Every line that contains the word "Boot" should be copied from the records below.

'''

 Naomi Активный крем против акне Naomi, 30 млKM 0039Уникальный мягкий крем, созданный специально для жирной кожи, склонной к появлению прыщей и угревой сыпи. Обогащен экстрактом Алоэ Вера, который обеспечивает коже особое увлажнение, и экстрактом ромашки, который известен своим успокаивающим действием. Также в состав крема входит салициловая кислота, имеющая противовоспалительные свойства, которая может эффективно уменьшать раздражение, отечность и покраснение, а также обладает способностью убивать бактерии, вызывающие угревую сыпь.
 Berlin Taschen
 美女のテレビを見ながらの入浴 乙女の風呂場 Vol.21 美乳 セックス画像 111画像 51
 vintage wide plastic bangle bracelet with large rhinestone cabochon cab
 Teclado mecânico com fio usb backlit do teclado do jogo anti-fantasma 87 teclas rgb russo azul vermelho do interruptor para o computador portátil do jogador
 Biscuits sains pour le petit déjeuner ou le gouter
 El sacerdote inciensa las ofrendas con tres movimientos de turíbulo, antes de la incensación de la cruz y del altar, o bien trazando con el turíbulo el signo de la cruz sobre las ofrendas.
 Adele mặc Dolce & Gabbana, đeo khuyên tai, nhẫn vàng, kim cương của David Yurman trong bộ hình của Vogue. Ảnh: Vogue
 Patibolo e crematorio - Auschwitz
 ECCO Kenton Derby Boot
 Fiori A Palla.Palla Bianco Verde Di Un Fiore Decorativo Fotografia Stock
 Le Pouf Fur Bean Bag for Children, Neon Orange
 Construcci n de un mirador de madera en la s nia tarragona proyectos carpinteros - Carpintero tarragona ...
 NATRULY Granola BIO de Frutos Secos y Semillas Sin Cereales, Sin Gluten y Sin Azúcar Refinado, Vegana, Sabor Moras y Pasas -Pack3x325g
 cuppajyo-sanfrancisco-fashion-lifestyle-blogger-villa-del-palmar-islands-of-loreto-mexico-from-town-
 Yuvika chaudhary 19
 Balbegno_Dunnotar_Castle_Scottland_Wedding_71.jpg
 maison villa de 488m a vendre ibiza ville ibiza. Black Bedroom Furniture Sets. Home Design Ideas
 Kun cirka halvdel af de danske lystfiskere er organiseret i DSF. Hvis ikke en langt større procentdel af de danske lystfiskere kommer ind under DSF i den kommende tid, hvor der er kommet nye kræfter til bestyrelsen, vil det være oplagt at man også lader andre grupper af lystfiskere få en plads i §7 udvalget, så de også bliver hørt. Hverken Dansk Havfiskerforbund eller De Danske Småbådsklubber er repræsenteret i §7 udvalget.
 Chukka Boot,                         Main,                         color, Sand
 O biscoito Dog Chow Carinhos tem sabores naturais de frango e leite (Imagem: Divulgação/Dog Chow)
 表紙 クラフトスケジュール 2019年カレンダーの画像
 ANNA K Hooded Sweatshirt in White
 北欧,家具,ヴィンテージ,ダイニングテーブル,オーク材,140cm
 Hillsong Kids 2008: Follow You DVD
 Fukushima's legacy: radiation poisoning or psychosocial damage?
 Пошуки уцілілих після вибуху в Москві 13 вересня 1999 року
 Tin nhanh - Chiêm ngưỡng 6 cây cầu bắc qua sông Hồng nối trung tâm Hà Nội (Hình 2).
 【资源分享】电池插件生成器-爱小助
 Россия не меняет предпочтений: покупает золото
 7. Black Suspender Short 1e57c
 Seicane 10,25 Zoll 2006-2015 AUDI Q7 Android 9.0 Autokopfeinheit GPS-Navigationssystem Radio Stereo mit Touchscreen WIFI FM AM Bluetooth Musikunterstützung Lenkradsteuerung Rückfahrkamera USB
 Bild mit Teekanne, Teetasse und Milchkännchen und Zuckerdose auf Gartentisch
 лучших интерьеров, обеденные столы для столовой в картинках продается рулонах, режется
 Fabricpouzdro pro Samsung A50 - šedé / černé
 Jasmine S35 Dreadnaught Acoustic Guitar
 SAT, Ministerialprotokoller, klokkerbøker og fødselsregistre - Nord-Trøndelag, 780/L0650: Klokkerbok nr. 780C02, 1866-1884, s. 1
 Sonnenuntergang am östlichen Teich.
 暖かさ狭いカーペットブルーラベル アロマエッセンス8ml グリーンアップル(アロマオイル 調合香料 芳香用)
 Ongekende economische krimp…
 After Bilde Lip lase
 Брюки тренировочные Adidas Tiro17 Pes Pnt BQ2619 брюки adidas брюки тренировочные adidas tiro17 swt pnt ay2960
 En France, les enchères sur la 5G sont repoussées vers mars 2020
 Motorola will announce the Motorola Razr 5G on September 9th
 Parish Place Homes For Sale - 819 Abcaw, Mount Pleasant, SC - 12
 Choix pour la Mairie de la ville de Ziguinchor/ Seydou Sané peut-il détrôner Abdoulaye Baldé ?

'''

## Output of the exercise
 ECCO Kenton Derby Boot
 Chukka Boot,                         Main,                         color, Sand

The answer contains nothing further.